Dominique Paul Noth
Last Updated on June 7, 2022, by eNotes Editorial. Word Count: 245
[Trudeau is funny, pertinent and incisive and] daringly hard to categorize. At the same time [his work is] nothing new—at least in terms of bringing political statement to the comic pages. Trudeau, however, may be the best, the most plugged in to society of a long line of cartoonists with messages to drop. And instead of disguising his points within a whimsical swamp, Dogpatch or adventure, Trudeau uses today's locales….
[Trudeau] has an uncanny radar that sweeps up material across the American scene. While many readers presume a leftist bent to his views, Trudeau has taken on the sacred cows and semantic bull of all sides. He has poked at both Nixon and the press, activists and reactionaries. He has looked with a strange mixture of sadness, love and humor at his own generation….

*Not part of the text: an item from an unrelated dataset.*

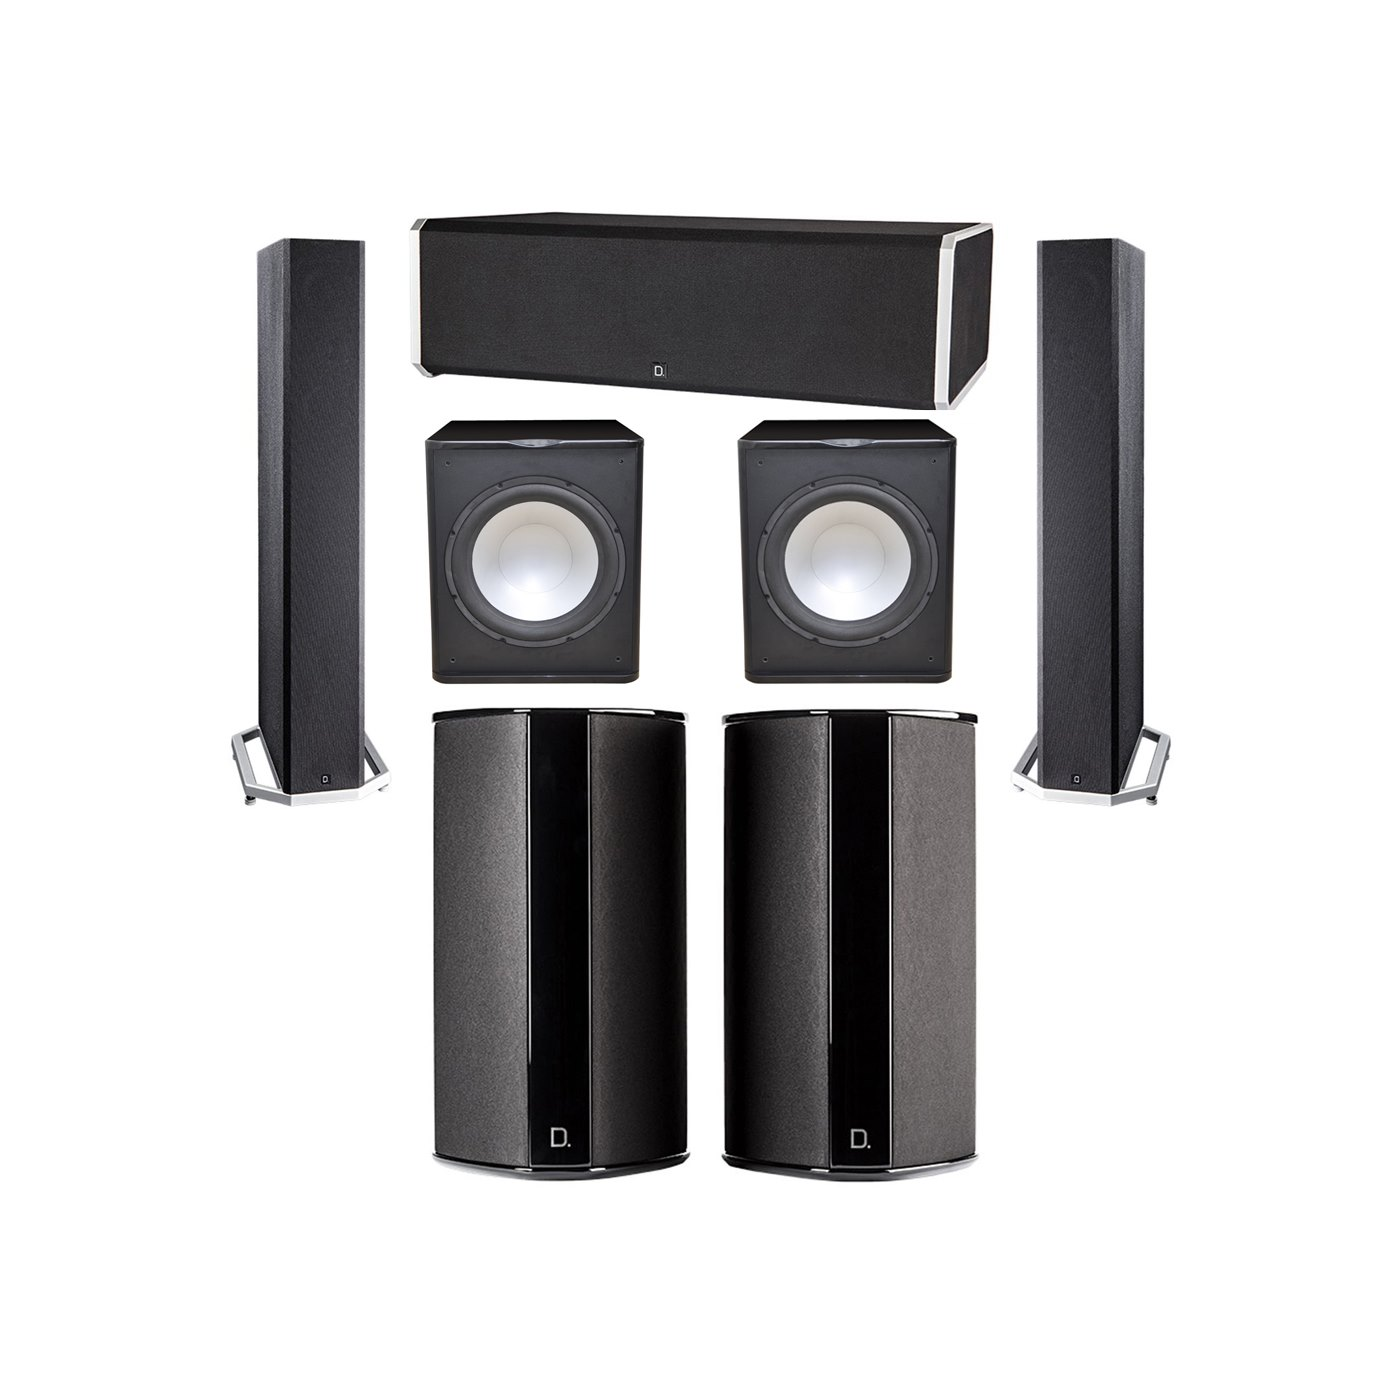 Definitive Technology 5.2 System with 2 BP9040 Tower Speakers, 1 CS9080 Center Channel Speaker, 2 SR9080 Surround Speaker, 2 Premier Acoustic PA-150 Subwoofer

[Trudeau rejects] the idea that his work ought to be isolated in some safe, adult compartment of a newspaper. He once wrote:
I am often infuriated by the editor who responds to the cry that comics should remain irrelevant and sanitized to encourage moral rectitude on the part of the adolescent comic reader. Why the double standard? The same adolescent comic reader can watch "Mod Squad" in the evening, a kid shooting up in the playground and can even, God forbid, browse through the rest of the newspaper, where topics forbidden on the comic page abound in great numbers.
Dominique Paul Noth, in Milwaukee Journal (© 1975, by The Milwaukee Journal), May 20, 1975.